* YOUR GOAL *
From the line that contains "4 Pockets Bootcut" down to the last line of the listing below, reproduce each line exactly but not the pictures.
--- COLLECTED DATA Enclosed Below ---
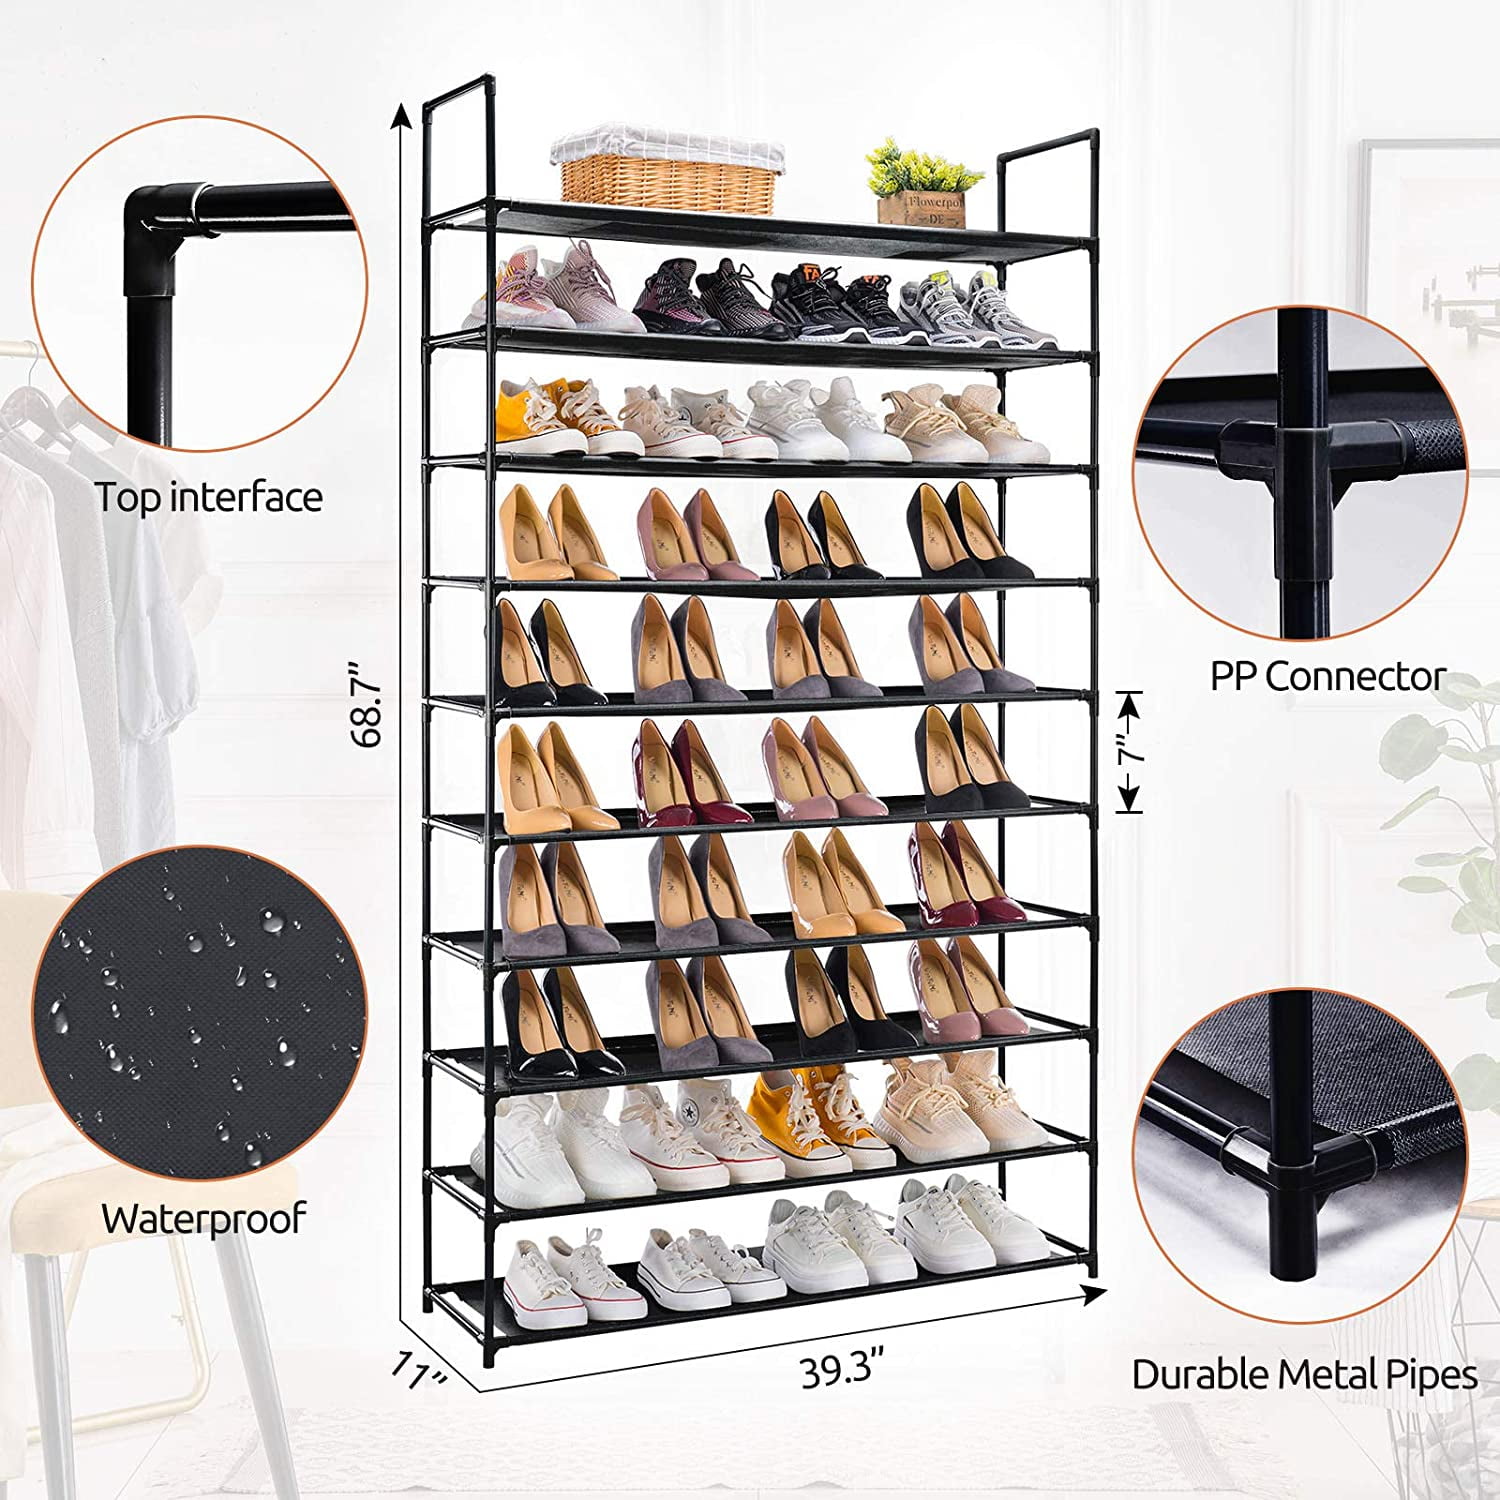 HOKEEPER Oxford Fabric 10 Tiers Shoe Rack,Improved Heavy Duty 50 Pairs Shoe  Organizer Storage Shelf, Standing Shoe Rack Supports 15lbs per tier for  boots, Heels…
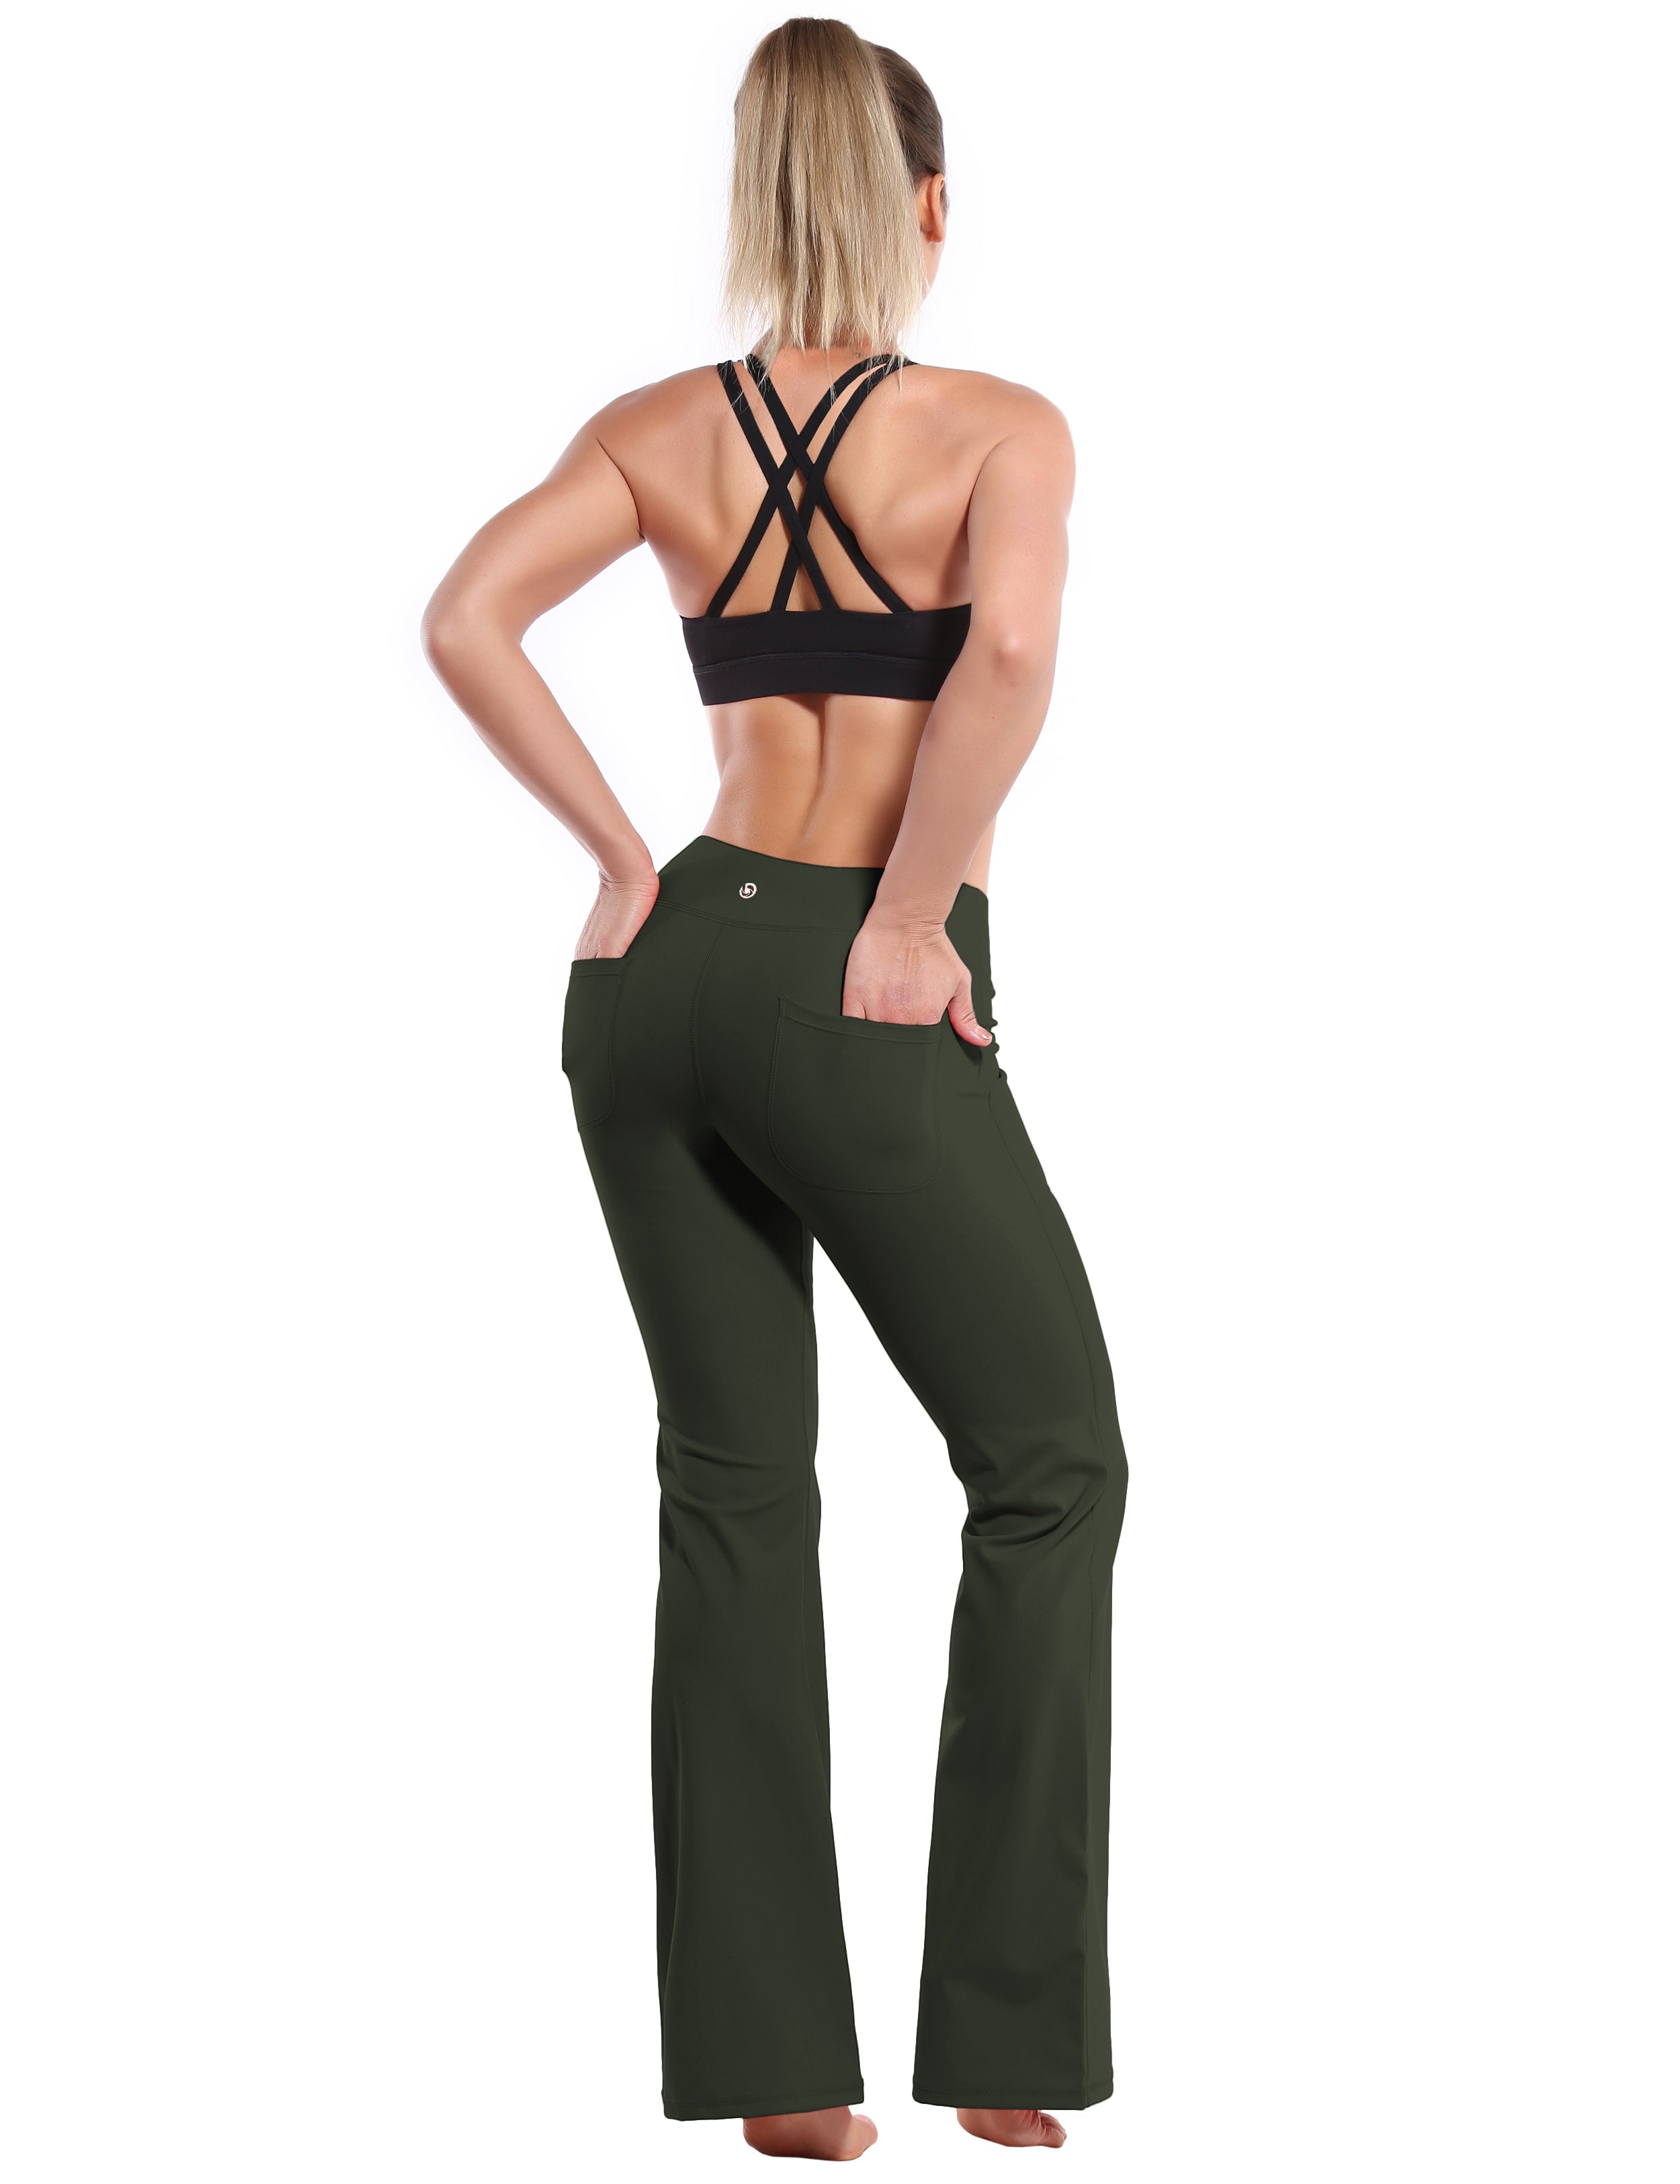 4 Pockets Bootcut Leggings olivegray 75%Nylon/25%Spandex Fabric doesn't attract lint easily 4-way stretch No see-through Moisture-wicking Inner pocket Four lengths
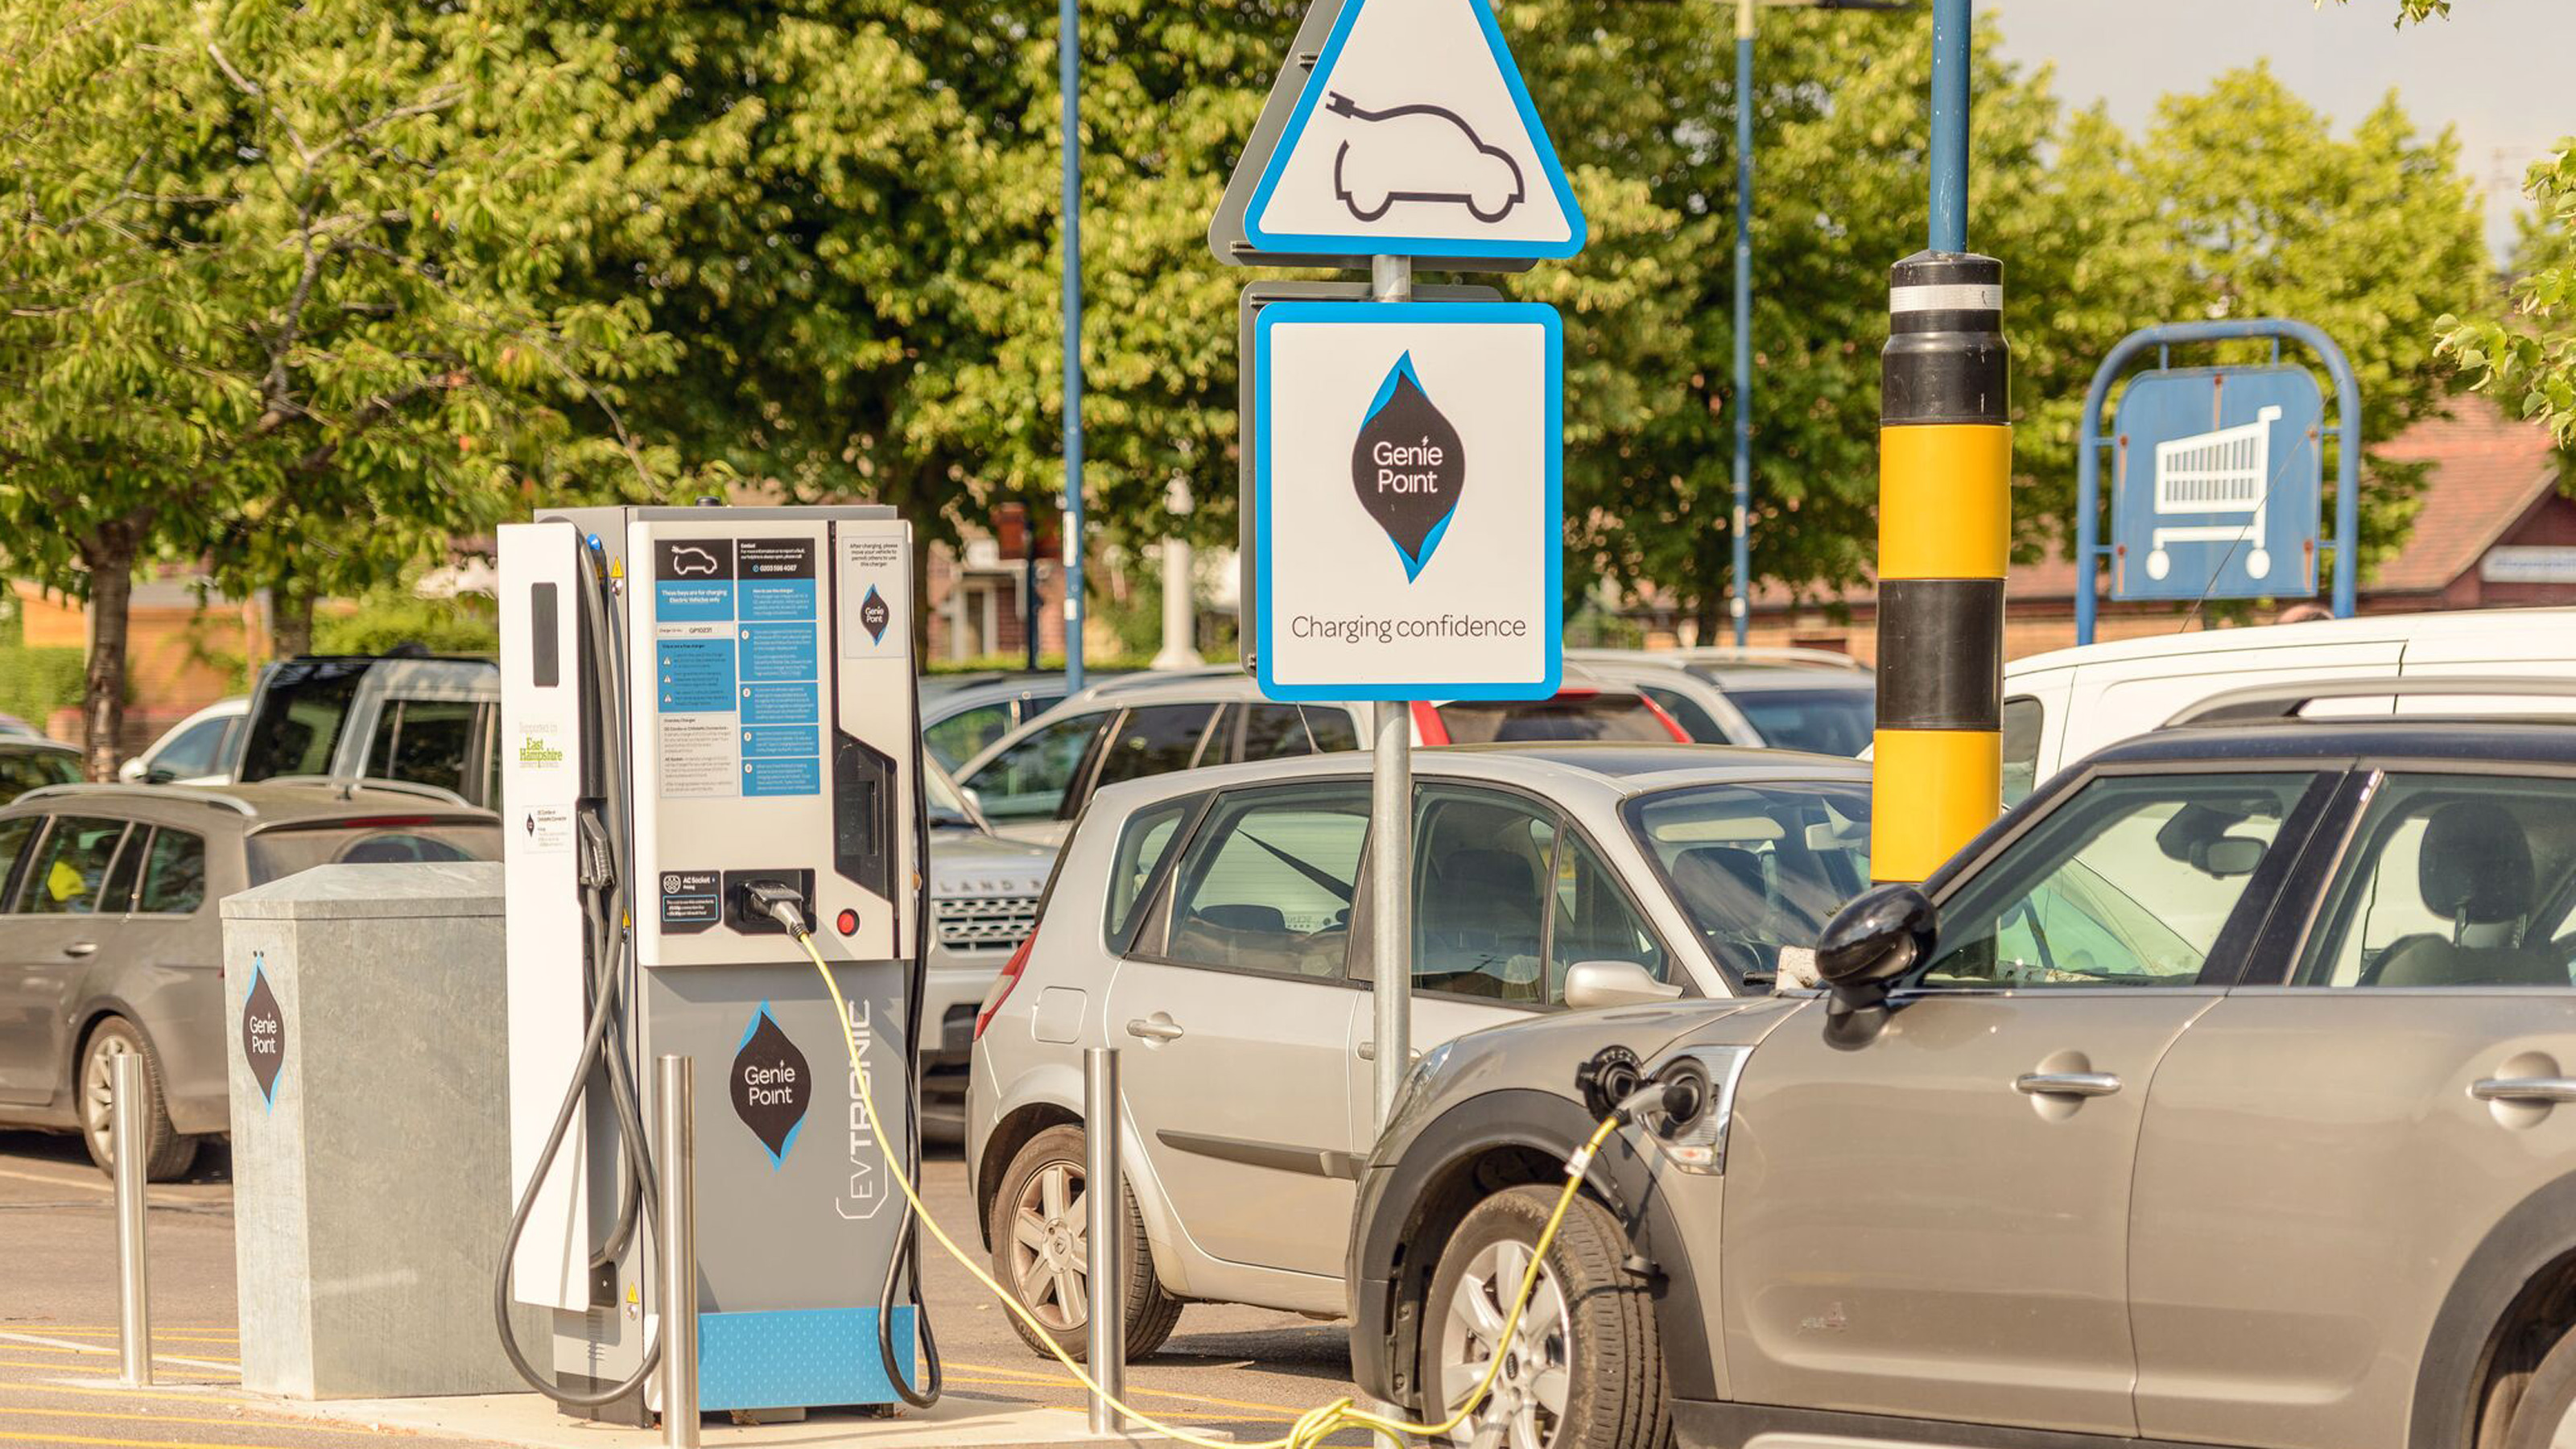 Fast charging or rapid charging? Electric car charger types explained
--- End of Enclosed COLLECTED DATA ---
* COMPLETED TASK *
 4 Pockets Bootcut Leggings olivegray 75%Nylon/25%Spandex Fabric doesn't attract lint easily 4-way stretch No see-through Moisture-wicking Inner pocket Four lengths
 Fast charging or rapid charging? Electric car charger types explained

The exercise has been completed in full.